In the comments to Ken's nifty post below about the Olympus Pen, a reader named Antony Sheperd asked, parenthetically, "how many camera designers can people name? I can think of Barnack and Maitani."
Barnack...that got me to thinking. Barnack is well known, and always gets the credit for the Leica. Rightly so, of course. But no one ever mentions Willi Stein.
Barnack's line of Leicas was long-lasting and had many offshoots, ending with the magnificent IIIg (designed by Adam Wagner) which stayed in production until 1960 and has never been anything but prized.
So who was Willi Stein? He was the designer of the M3. To be more precise, Stein designed the camera; he and Ludwig Leitz designed the rangefinder; Heinrich Schneider and Willi Keiner engineered the finder optics; and Hugo Wehrenfennig was responsible for the M bayonet. (This information comes from Erwin Puts.)
The M3 was the noble progenitor of most of the Leica M rangefinders that came after it, with the exception of the M5 and the CL, or "compact Leica," which spun off the mysterious probably-Japanese, maybe-a-little-bit-German CLE (compact Leica electronic). I don't know who was responsible for the M5 (I'm sure I'm about to find out), but Stein designed the CL too. Willi Stein's M3 design is still very much in evidence in the M8 and the new M9. They are very different cameras, of course, but they pay homage every which way to Herr Stein's design. His line of Leicas has lasted longer even than Barnack's. They've been around for more than 55 years now.

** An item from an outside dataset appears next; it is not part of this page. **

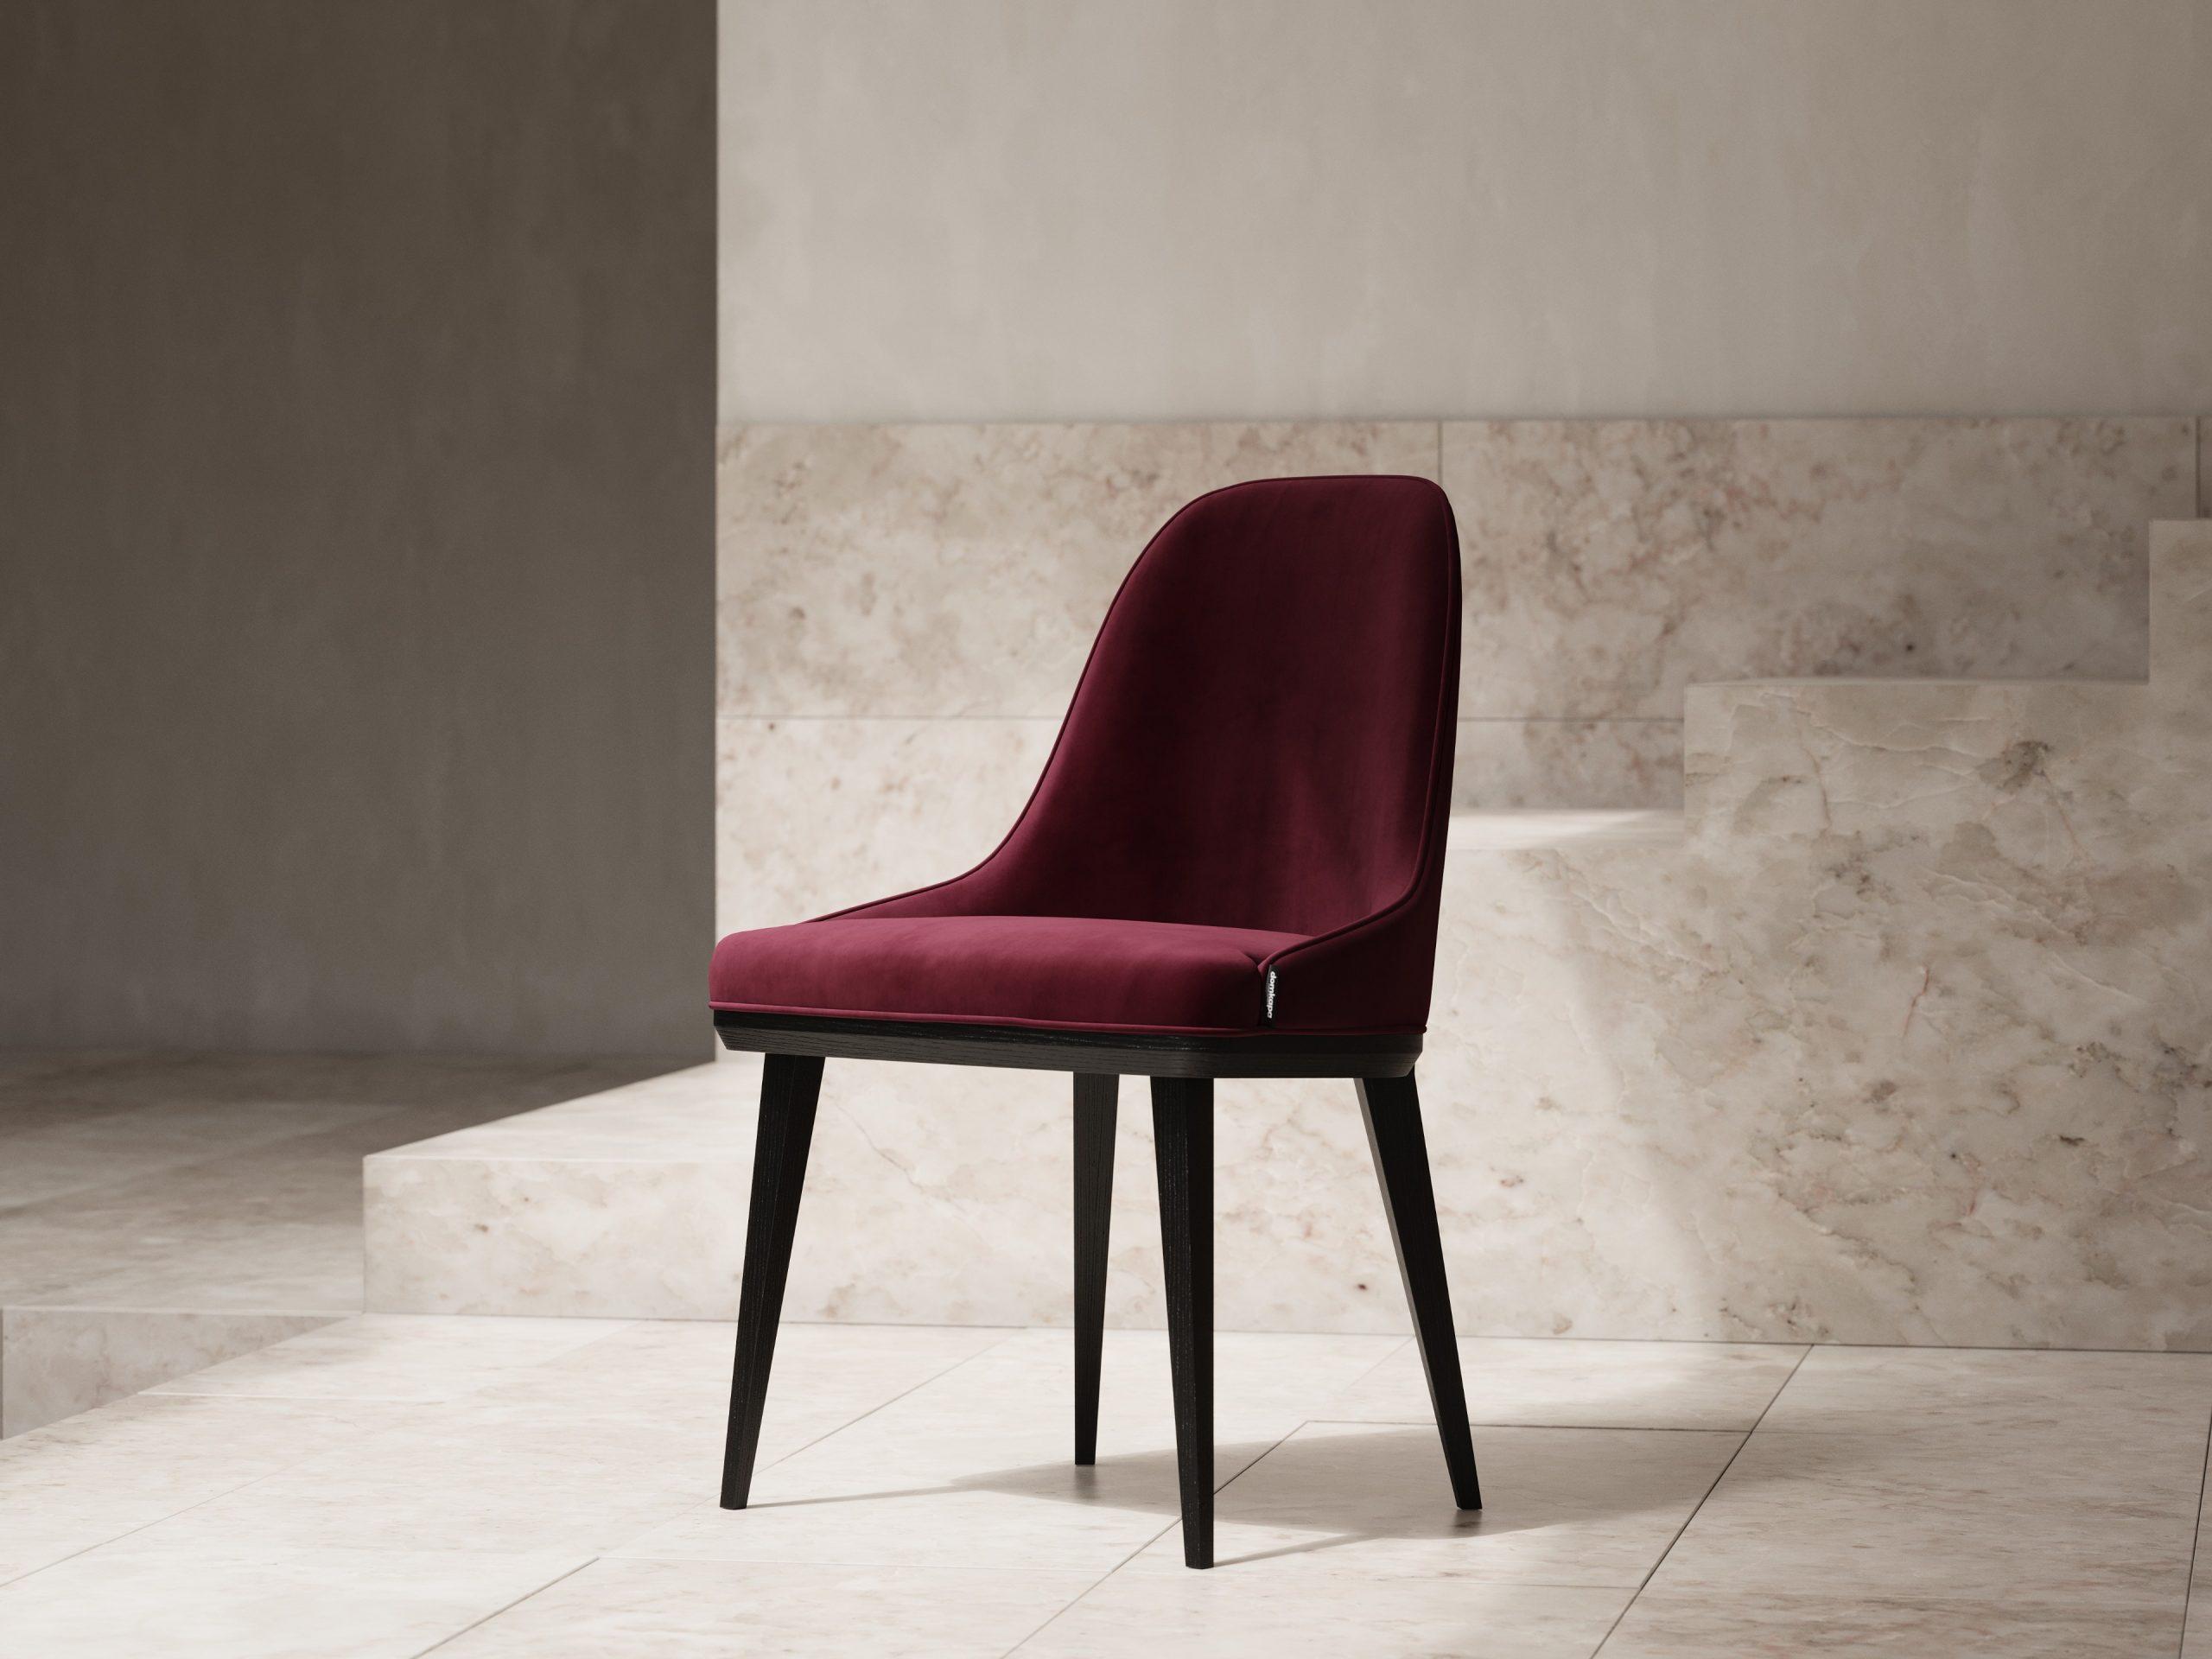 cadeira-binoche-velvet-dining-room-domkapa-7

And apart from that, the M3 has only the classic folding wooden-and-brass field view camera to compete with it for the title of the prettiest camera ever made. And quite possibly the title of most significant, too.
Let's not forget Herr Barnack. But when the subject of camera designers comes up, perhaps we should spare a thought for the oft-overlooked Willi Stein once in a while, too.
Featured Comment by Marc Rochkind: "And, of course, Masahiko Fuketa, designer of the Nikon F."
Featured Comment by Chris Lucianu: "What about the most obvious name: Victor Hasselblad? By the way, this page shows Victor Hasselblad and Reinhold Heidecke (of Franke & Heidecke, makers of the legendary Rollei) taking pictures of each other."
Reinhold Heidecke and Victor Hasselblad taking pictures of each other, from hasselbladhistorical.eu
Featured Comment by Eamon Hickey: "Lots of really significant camera and lens designers aren't well known to the public because, beginning in the 1950s especially, so many of them were Japanese. And aside from Olympus's promotion of Maitani, the Japanese optics and camera companies generally follow traditional Japanese cultural norms and do not single individuals out for special recognition.
"One such person who, if he were German or American, would be known worldwide is Nikon's Zenji Wakimoto, who has to rank as one of history's great lens designers. (A Google search will turn up a little bit of info about him.) He was the lead designer on many of Nikon's most famous camera lenses from the 1950s and 1960s, but he also designed the Ultra Micro-Nikkors of the 1960s and '70s, which were industrial process lenses that were the highest resolution lenses ever made at that time.
"The Ultra Micro Nikkors evolved into today's lenses for steppers, which are without question the highest precision optics ever put into regular production. A modern top-end stepper lens can resolve a line about 1/1000th the width of a human hair; they can weigh a ton or more and can be 5 ft. long by 2 ft. in diameter, and cost several million dollars apiece."
Featured Comment by David Goldenberg: "A remarkable camera designer who hasn't been mentioned here so far is Emanuel Goldberg (no relation, so far as I know). Goldberg was the head of Zeiss Ikon in the early 1930s, before escaping from the Nazis and making his way to what was then Palestine. At Zeiss Ikon, he designed the original Contax, elements of which were copied in the Nikon rangefinder cameras of the 1950s, and eventually wound up in the Nikon F (such as the removable back).
"But, the Contax was only a very small part of his career. He worked on sensitometry and aspects of cinematography, including sound tracks.
"One of the most interesting things that he did was to devise, in the 1931, a scheme for indexing microfilm data with marks on the film edges that could be read by a photosensor. This may have been the earliest implementation of electronic indexing. In 1945, the American scientist Vanevar Bush published a very influential article, entitled 'How we may think,' that described a very similar, but hypothetical, data retrieval machine, which many people consider the conceptual ancestor of hypertext. But, Goldberg's much earlier version has never received much attention.
"Information about Goldberg can be found at a web page maintained by Michael Buckland, who has studied his work and written a book about it."